Restate the listing word for word; omit the images.
** SUPPLIED INFORMATION follows **
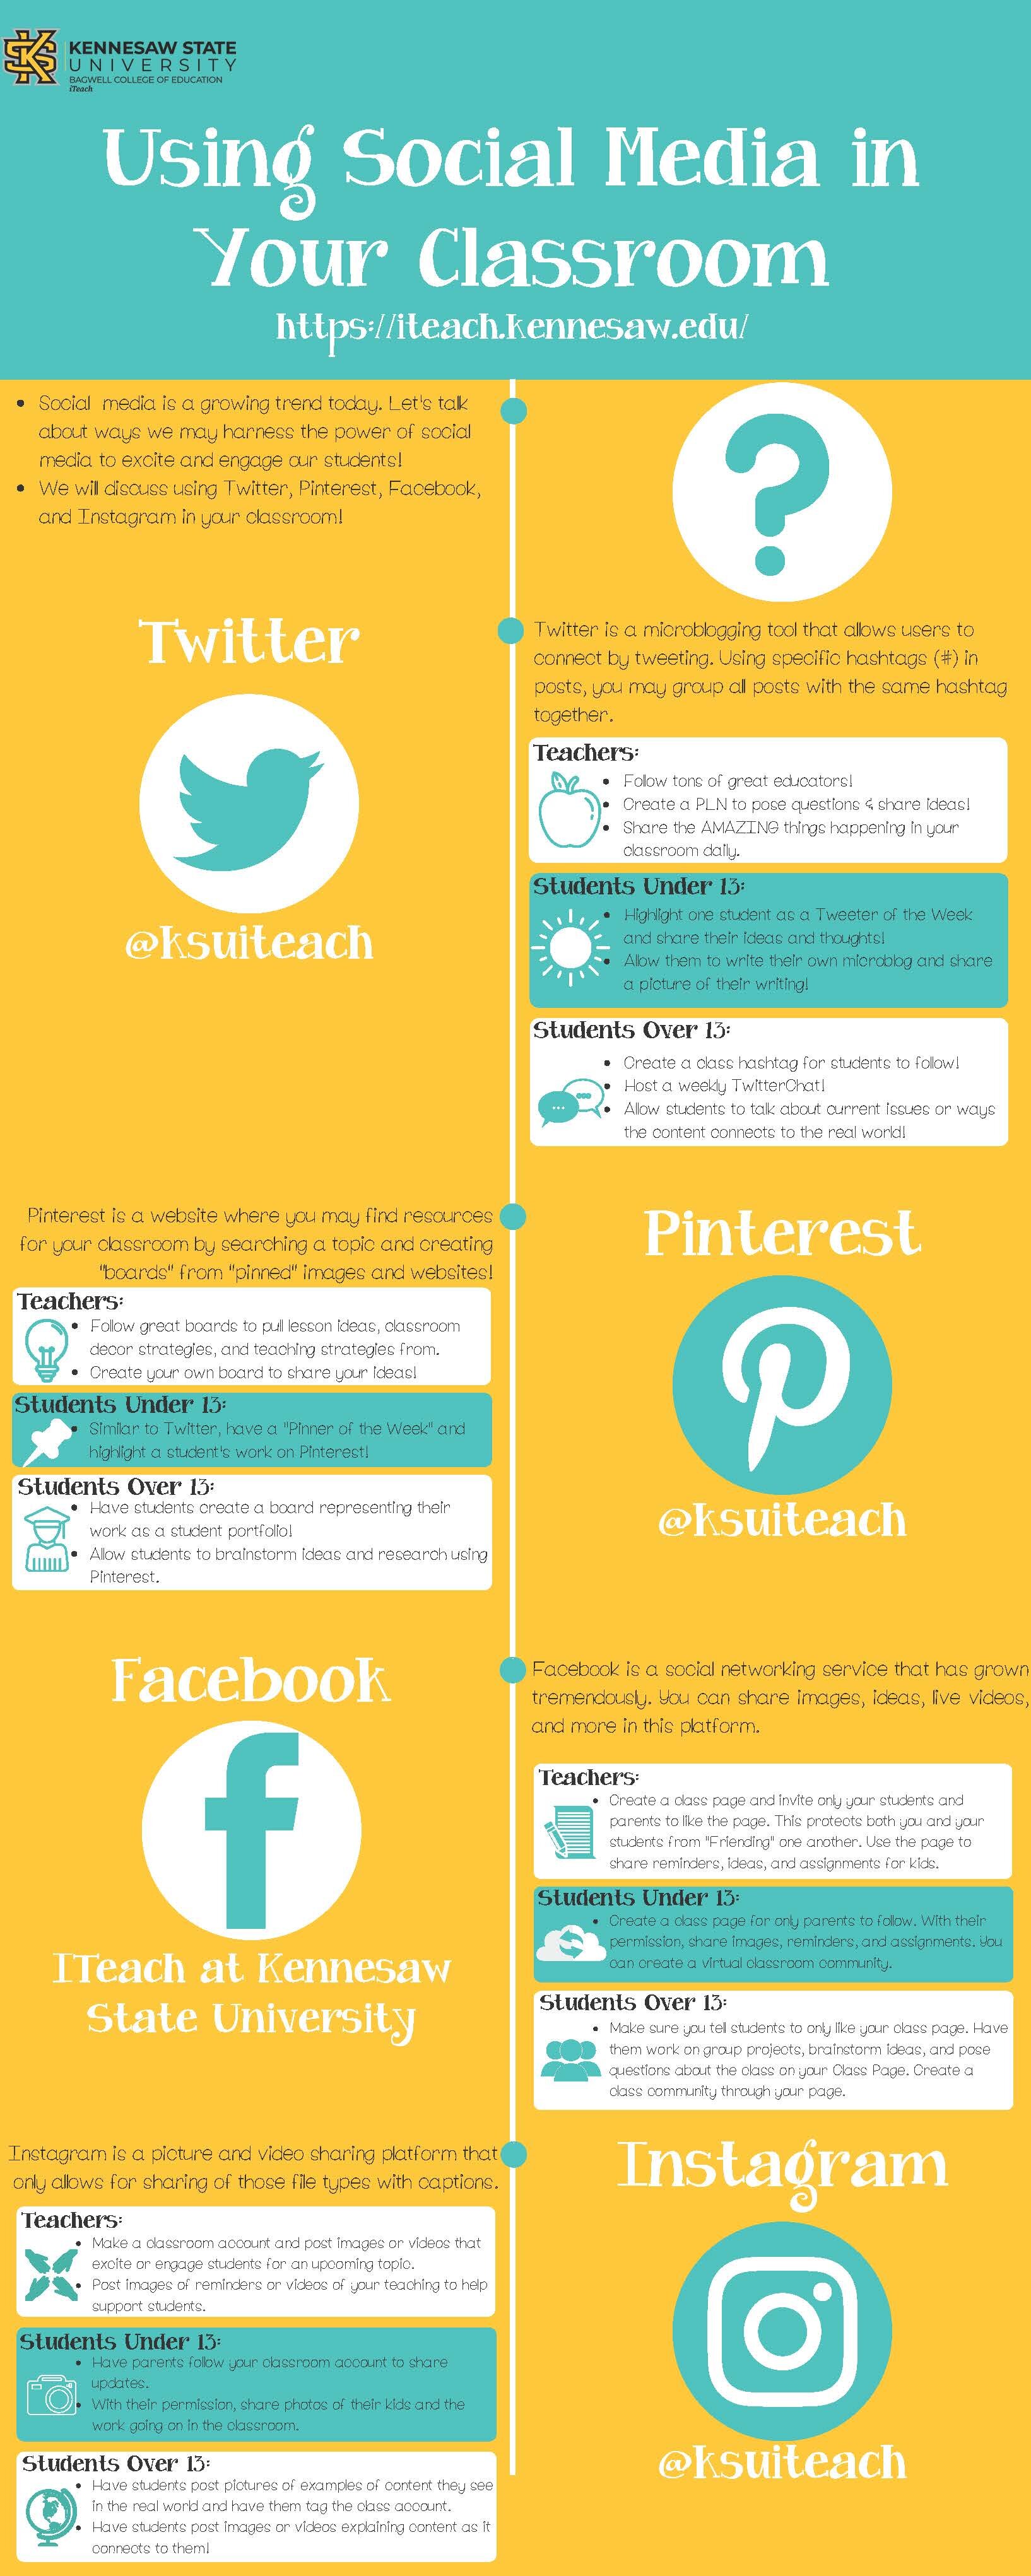 Using Social Media in Your Classroom.jpg
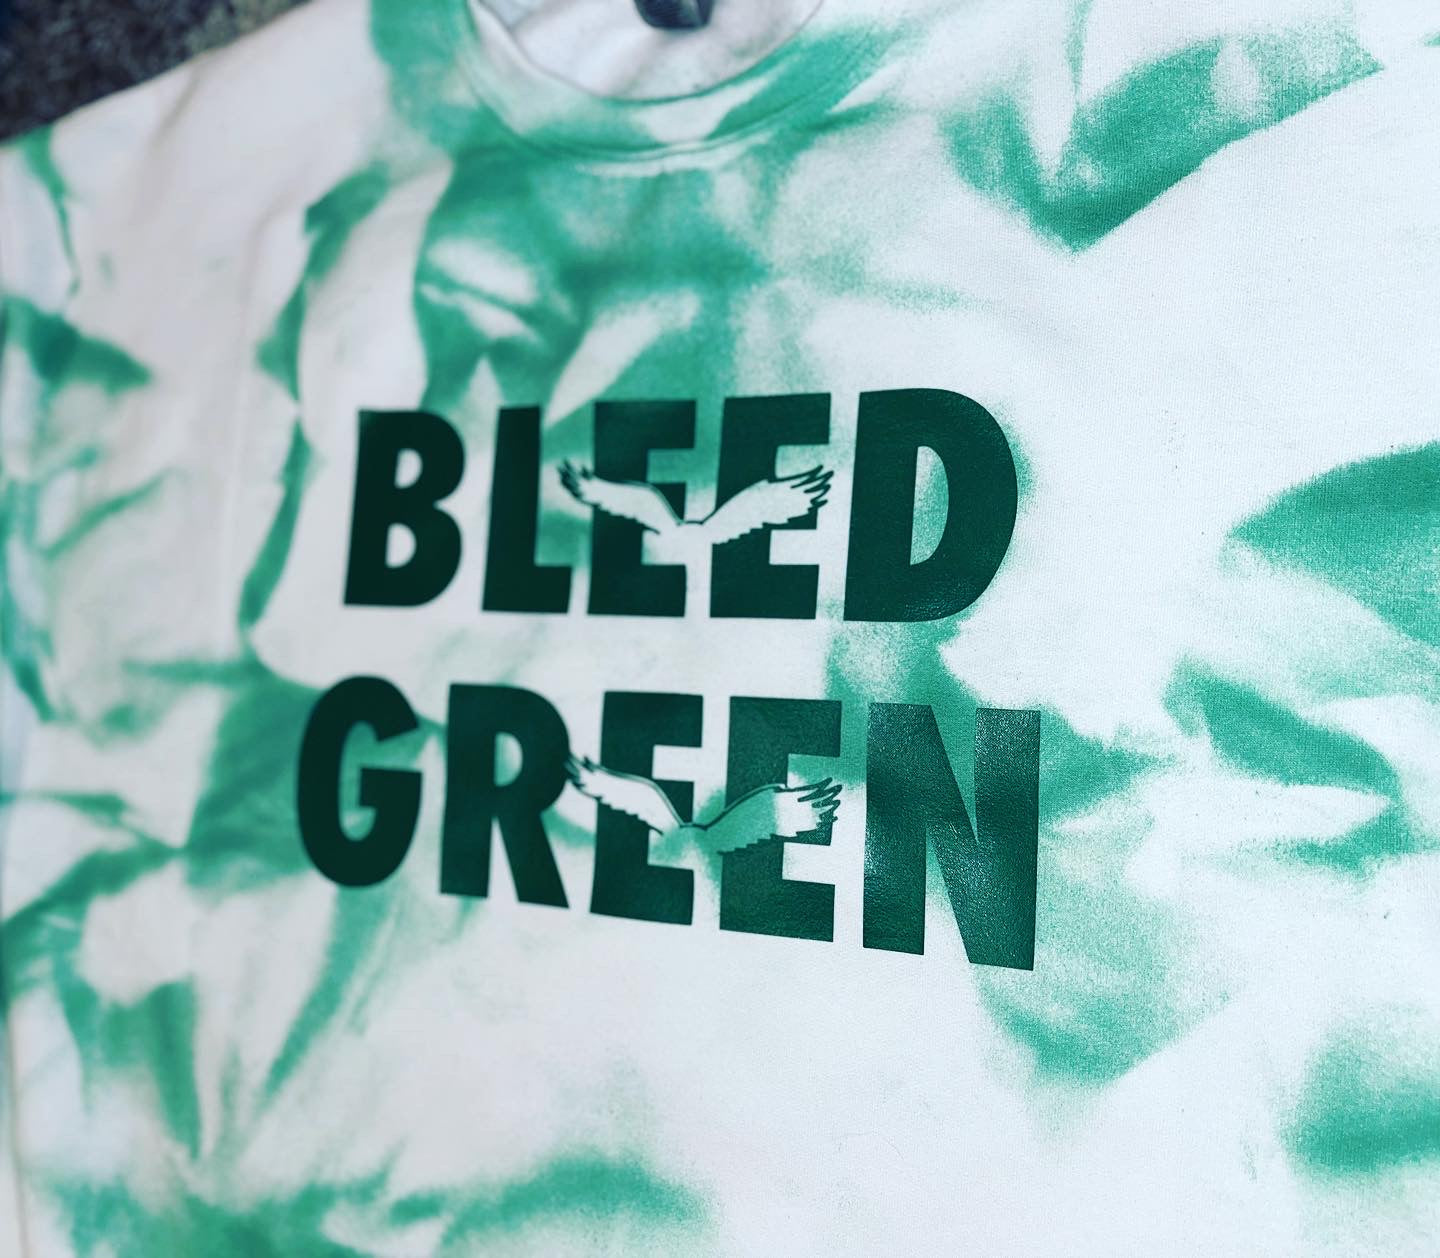 Bleed Green spray crew
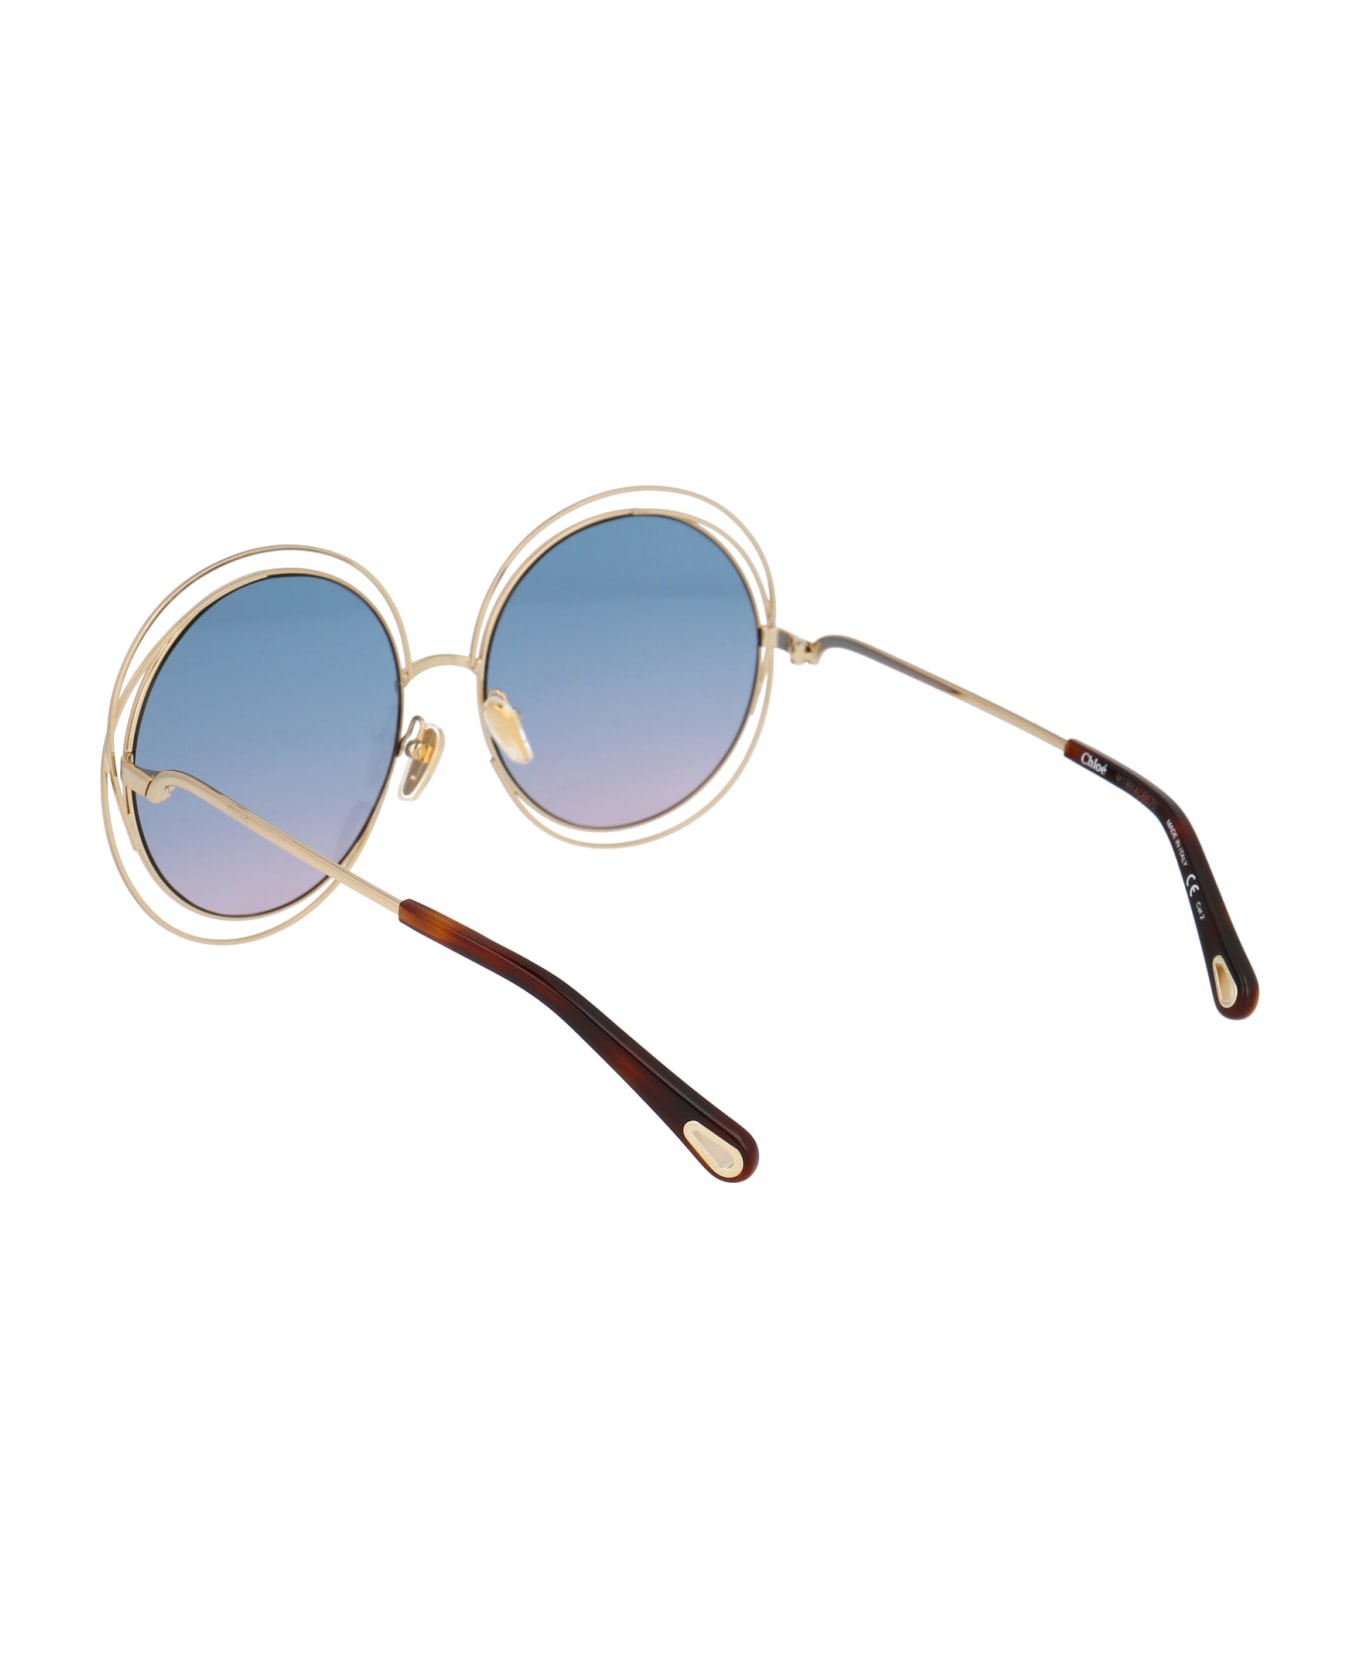 Chloé Eyewear Ch0045s Sunglasses - 003 GOLD GOLD BLUE
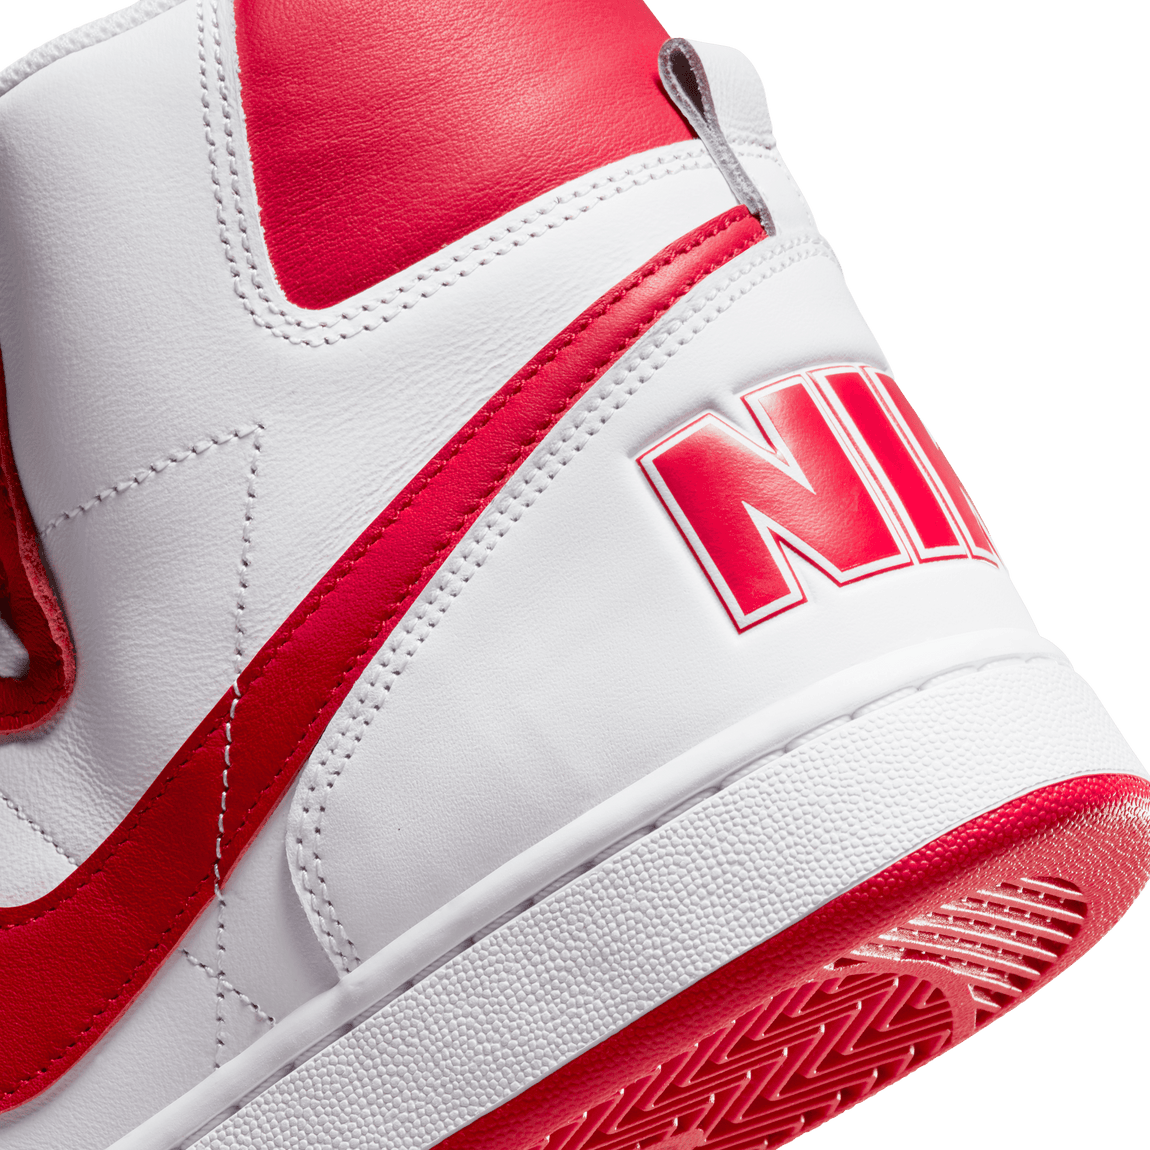 Nike Terminator High (White/University Red) 6/10 - Nike Terminator High (White/University Red) 6/10 - 
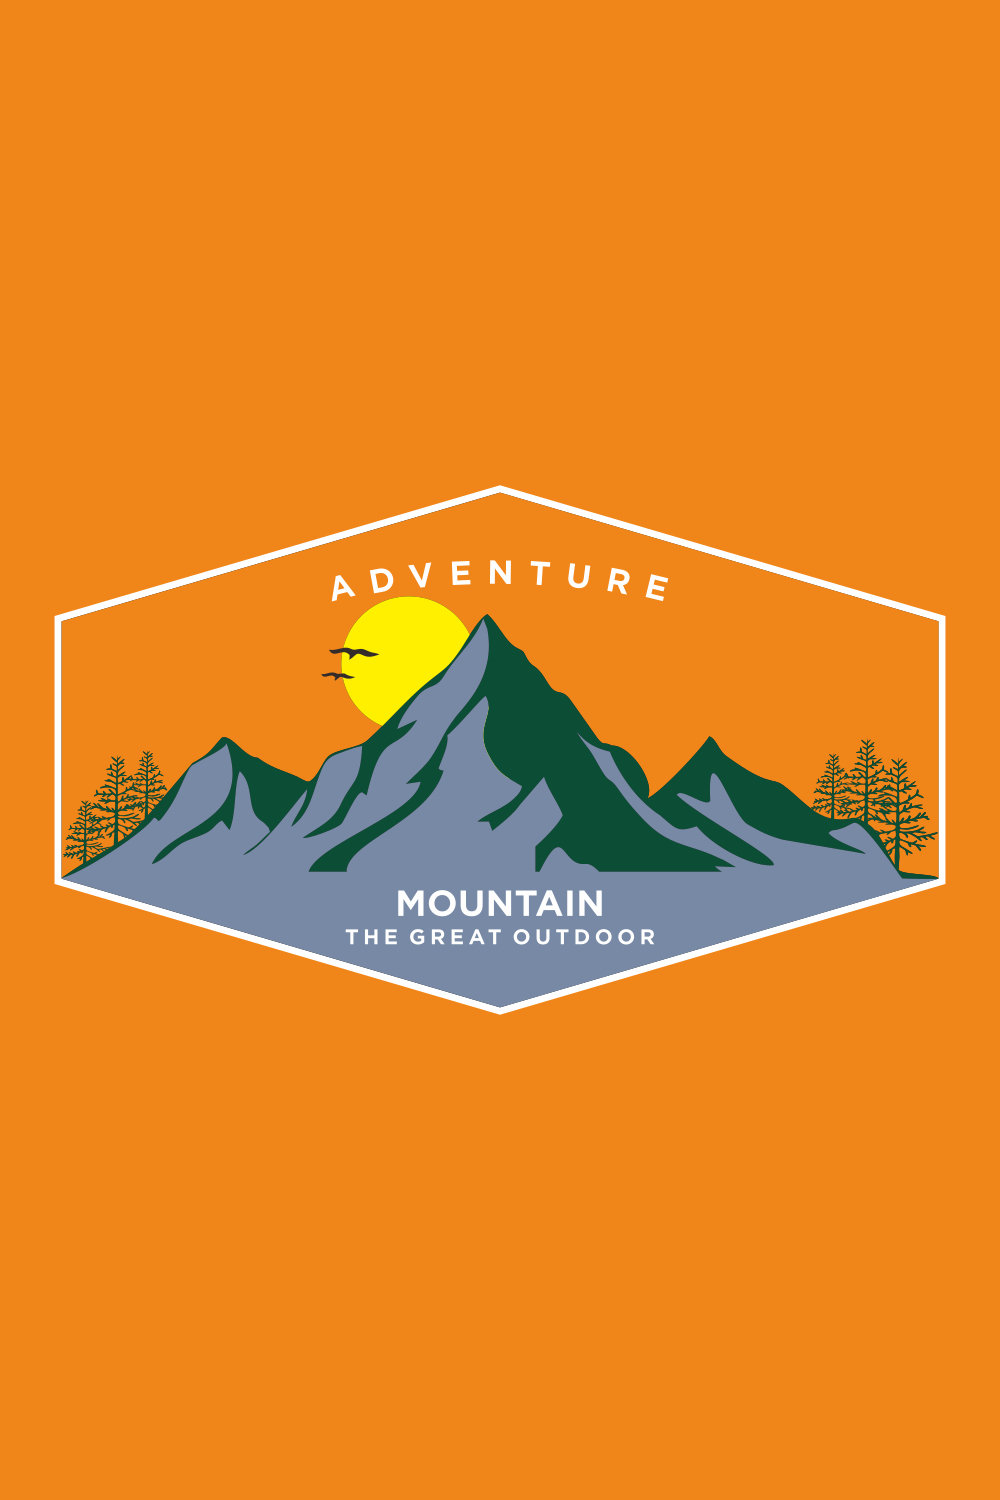 Mountain logo outdoor emblem circle adventure wildlife pine tree forest design, hiking exploration nature pinterest preview image.
** End of SUPPLIED INFORMATION **
RESULT OF THIS EXERCISE:
 Using Social Media in Your Classroom.jpg
 Bleed Green spray crew
 Chloé Eyewear Ch0045s Sunglasses - 003 GOLD GOLD BLUE
 Nike Terminator High (White/University Red) 6/10 - Nike Terminator High (White/University Red) 6/10 - 
 Mountain logo outdoor emblem circle adventure wildlife pine tree forest design, hiking exploration nature pinterest preview image.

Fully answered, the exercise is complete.